Burrell: We've been offering Voice over IP services for four years now. We've actually seen it move from early adopter phase to early majority phase, especially among our multi-national customers. By moving to VoIP, customers gain two main things: Visibility and control, and cost savings.
Historically, voice [service] decisions are often made locally or nationally. In a larger country, that doesn't present many problems. But in some countries where the [voice] infrastructure is still emerging, it's harder to see things like who's using the service, and if there's any toll fraud occuring. Using VoIP gives you much better visibility and control.

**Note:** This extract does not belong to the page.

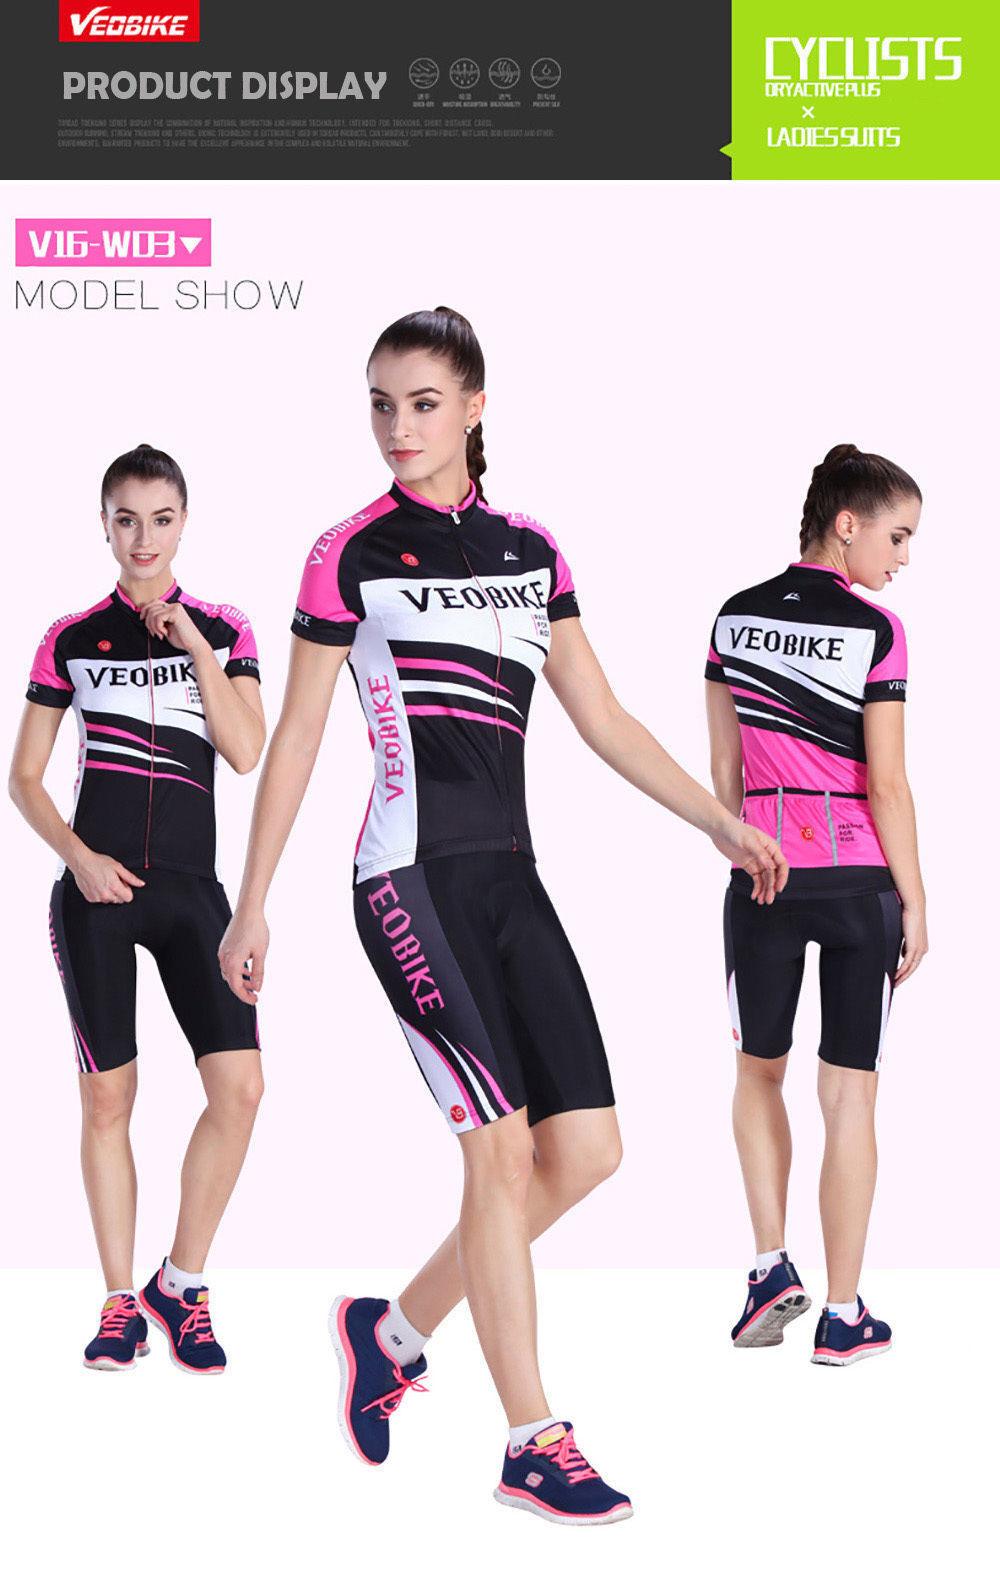 Bike woman Cycling Bicycle Jerseys Shirt Pant  Set Outdoor Sports Team  YF517  high quality genuine

Cost savings come from the ability to eliminate a separate voice access circuit, plus all the calls between corporate locations [on the IP VPN] are free. For outside calls, there is a simplified pricing scheme, since you're not dealing with different rate plans determined by where the call originates. You're only paying based on where the call terminates.
Networking Pipeline: Some observers have called VoIP a "fad," and that it won't ever completely replace the current switched voice network. Your thoughts?
Burrell: It [voice moving to IP] is going to happen. It's a matter of when, not if. From a LAN standpoint and a PBX standpoint, the battle was over a few years ago, when the TDM manufacturers said [IP] was the path forward. All the long-distance companies are already using [VoIP] in the backbone.